Answer:
Q1= 9.42
Q2= 227 KJ
Q3= 31.4 KJ
Qt=269 KJ
Explanation:
First you have to find the heat needed to make ice at a temperature of -45 C to pass to a temperature of 0 C.
You're given the formula so all you have to do is replace by the data you're given (remember to make the Celsius, Kelvin by adding 273.15 to the Celsius since the magnitudes of temperature they're giving you in the constants are the Kelvin)
Q1= (2.093 J/gxK)(100 g)(45 K)
Q1=9418.5 J
Q1=9.4185 KJ≈9.42 Kj(you're asked to give your answer in KJ)
You know have to find the energy needed to liquify the ice, in other words you need to use the enthalpy of fusion to determine the energy that's being used, and since you have 100 grams of water, you only need to find the number of moles present in 100 grams of water by dividing the number of grams by the molar mass of water (18 g/mol) and then replace in the equation.

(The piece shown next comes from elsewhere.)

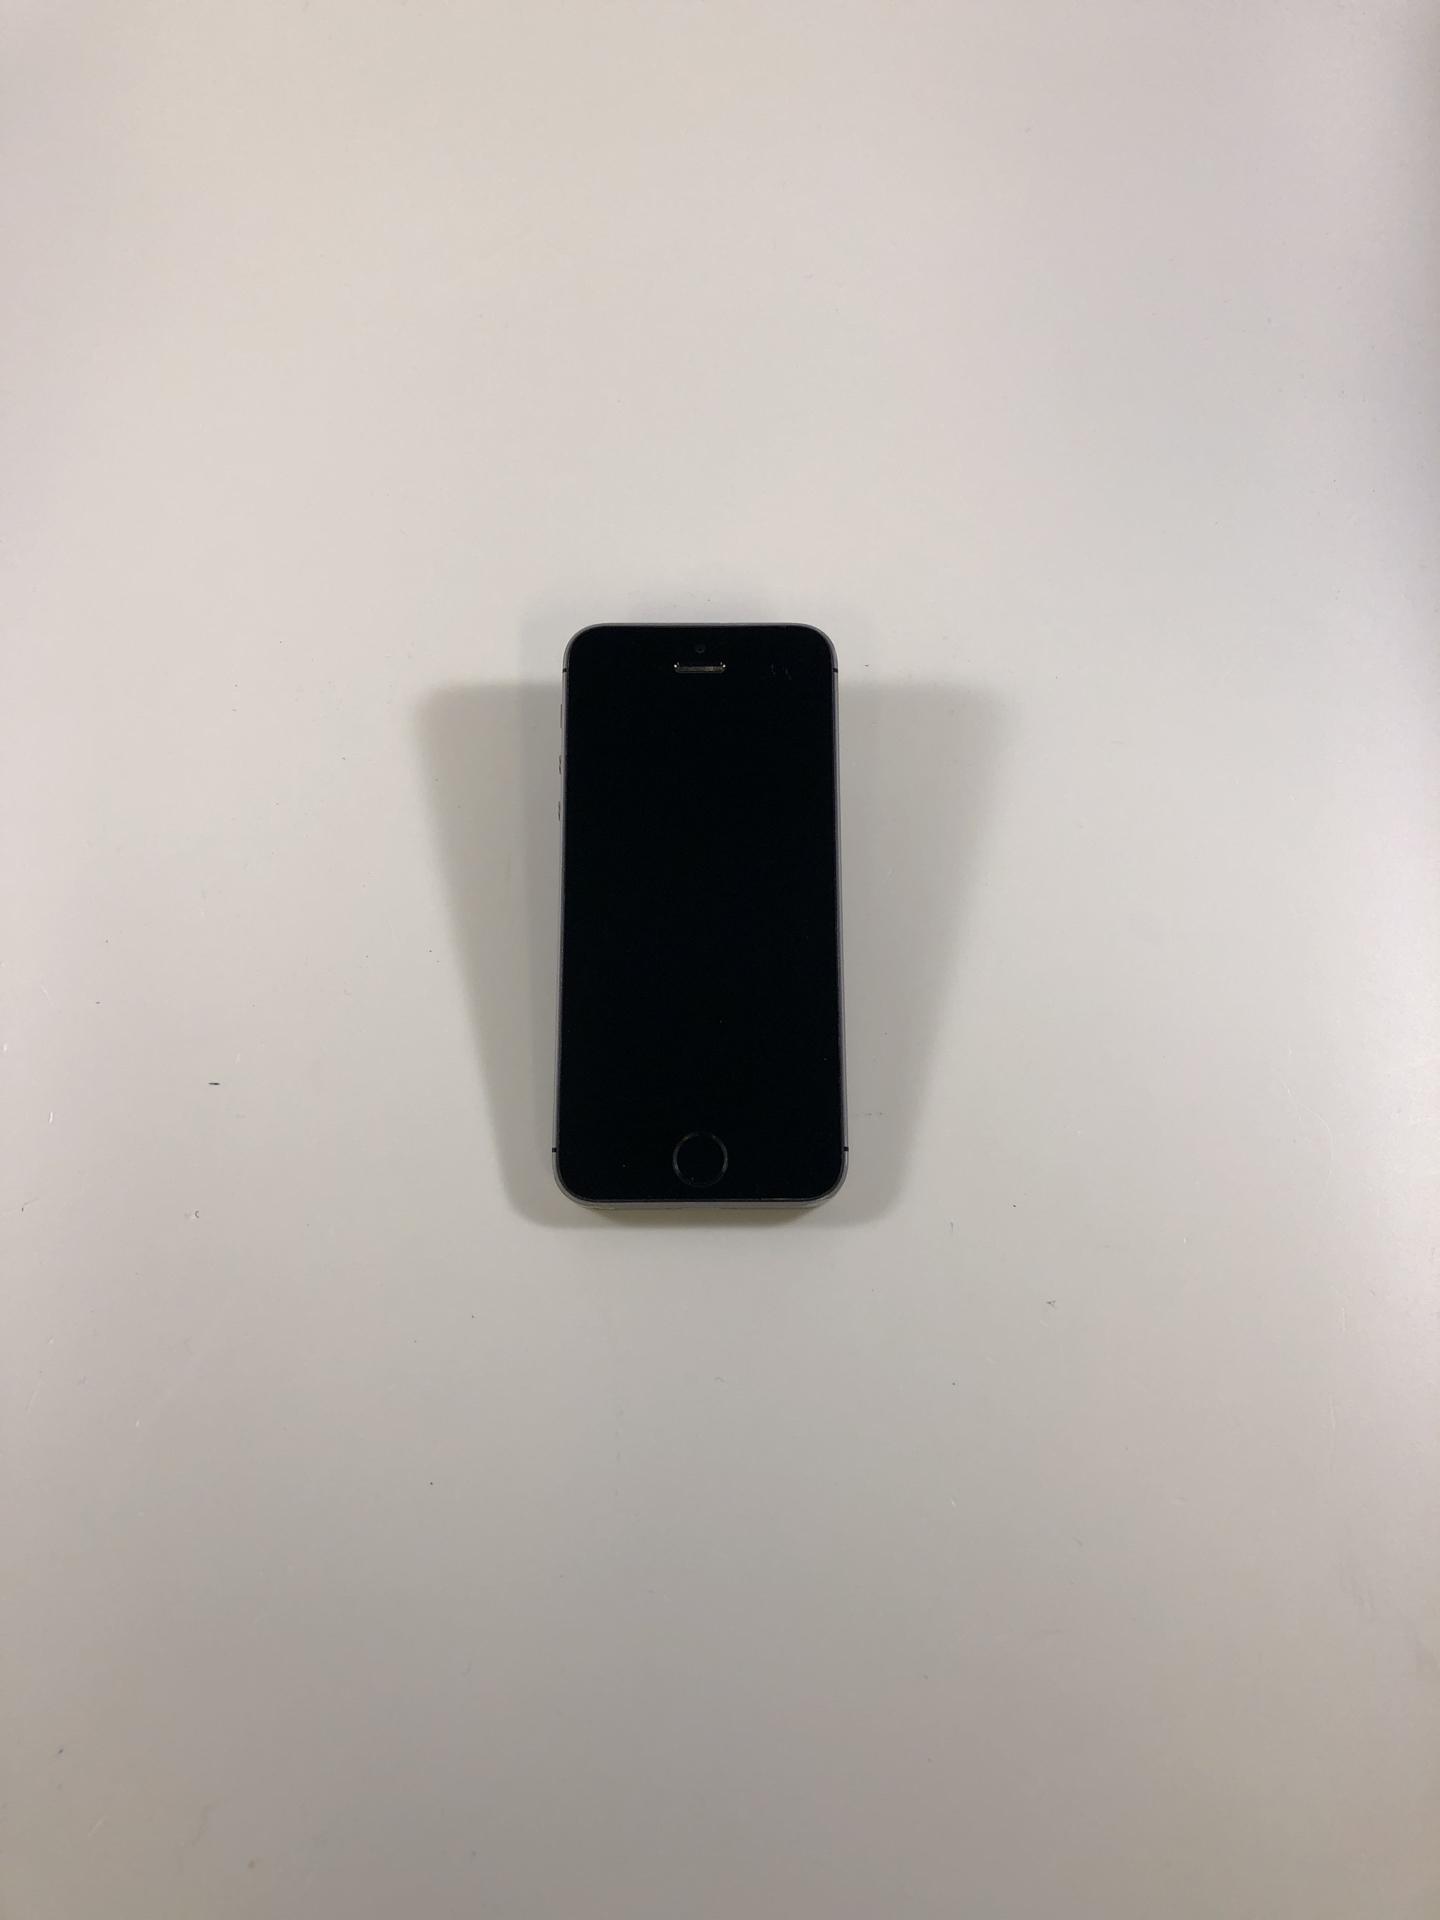 iPhone SE 16GB, 16GB, Space Gray, Kuva 1
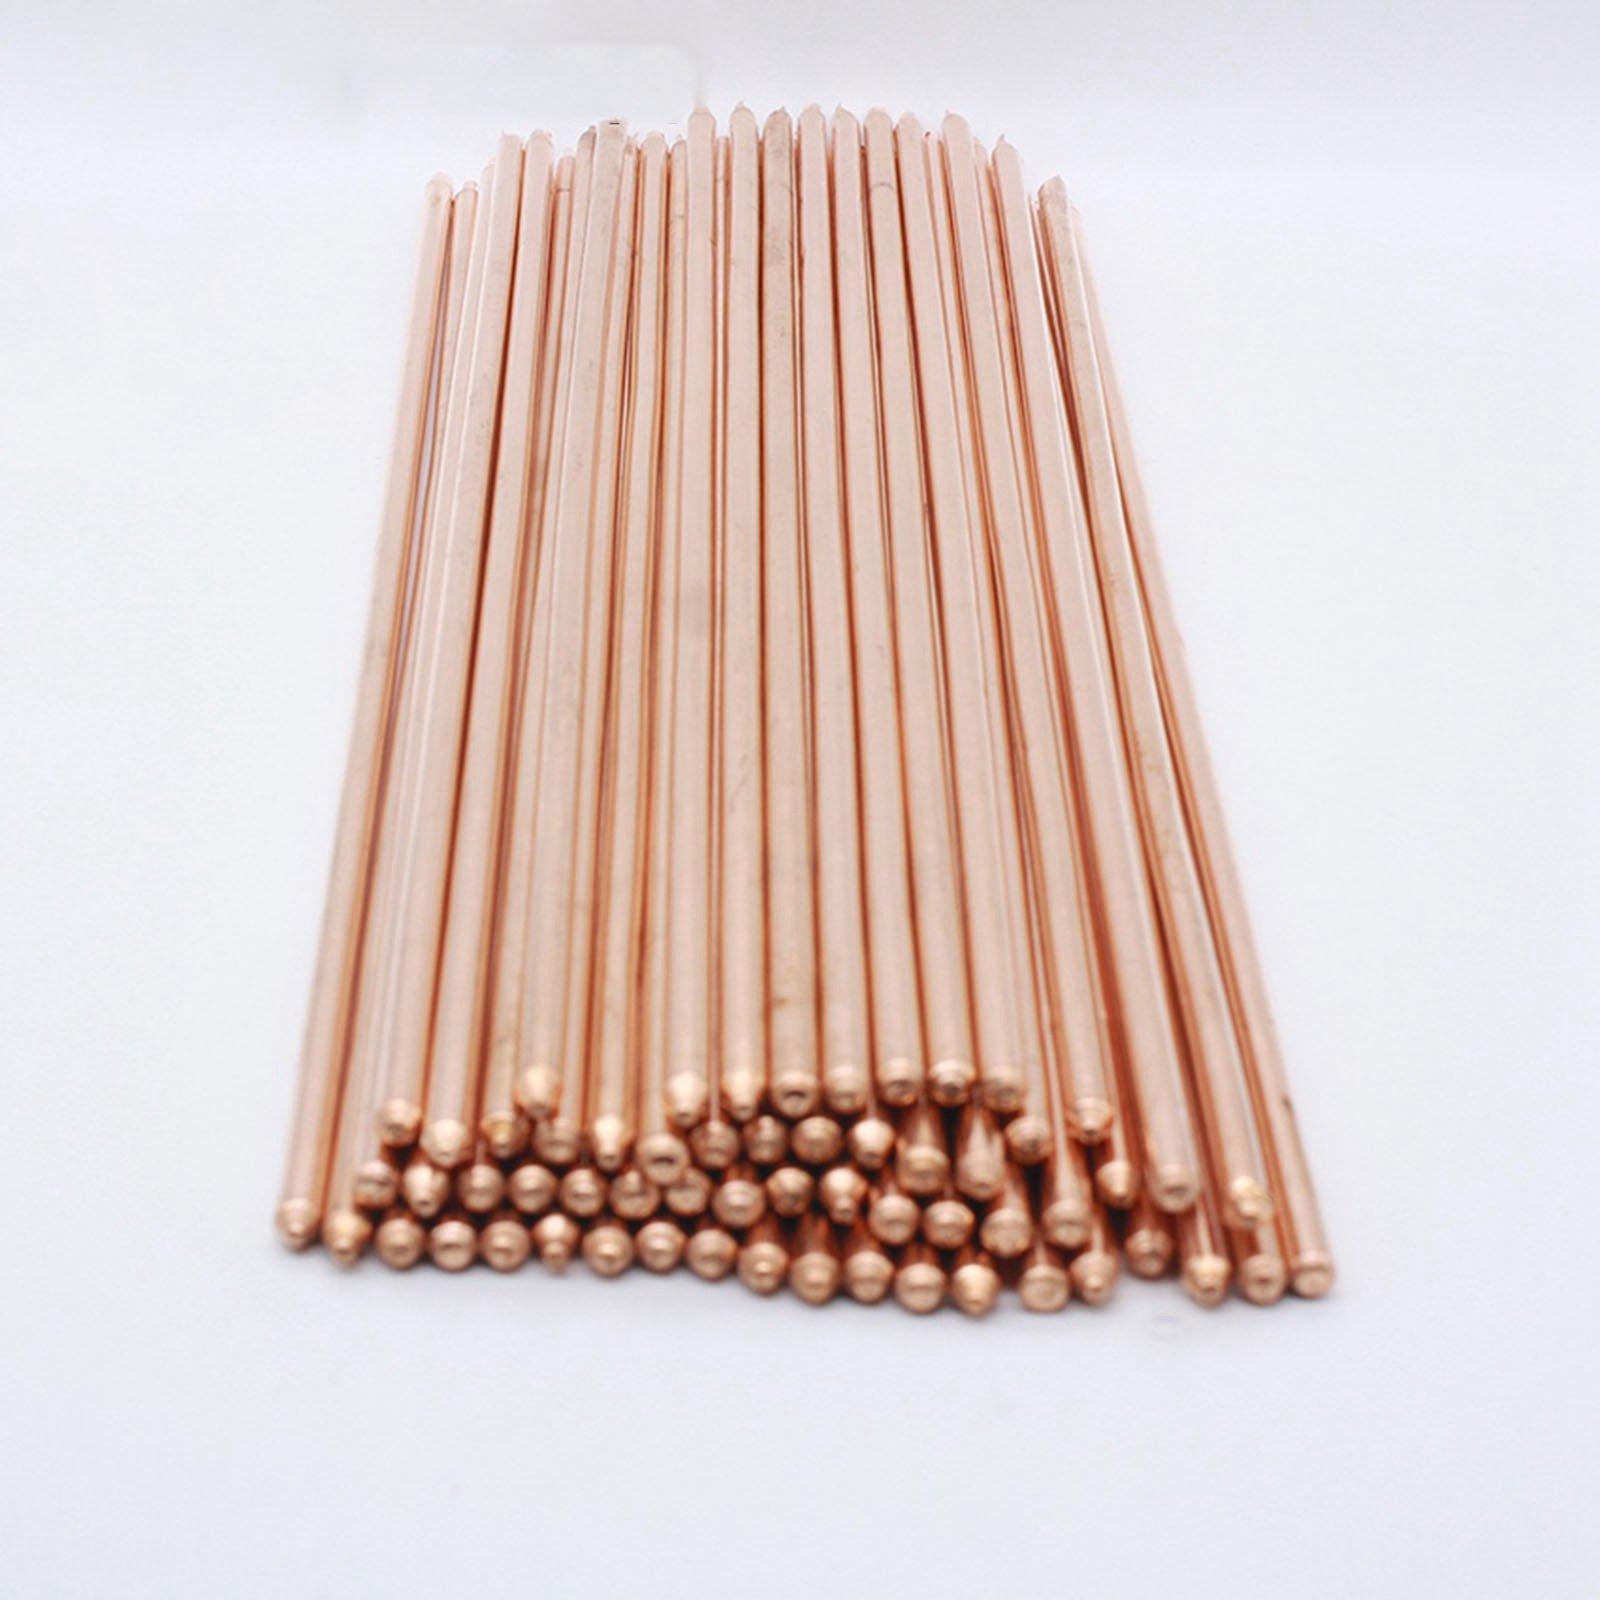 220mm 240mm Length 10mm Diameter Cooling Round Rod Copper Heatsink Heatpipe Laptop DIY CPU

Q2=(5.56 mol)(40.7 KJ/mol)
Q2=227 KJ
You know have to find the energy needed to raise the temperature of water from 0 C to 75 C. You do the same thing as you did in the first step:
Q3=(4.184 J/gxK)(100 g/)(75K)
Q3=31380 J
Q3=31.38 KJ≈31.4 KJ
For the final step, you only add the Qs of each step:
9.42KJ+227KJ+31.4KJ= 267.82 KJ ≈ 267.8 KJ
Why do you use these procedures?
Well, you could simply have made a unique equation at first sight that involved the changes of temperature from -45 C to 75 C, but you have a phase change in the middle. Phase change keep temperature constant but they require heat from the surroundings in order to, in the case of ice, break the bonds that keep the molecules tight together.
This heat required from the surroundings is the Enthalpy of phase change, in this case enthalpy of fusion.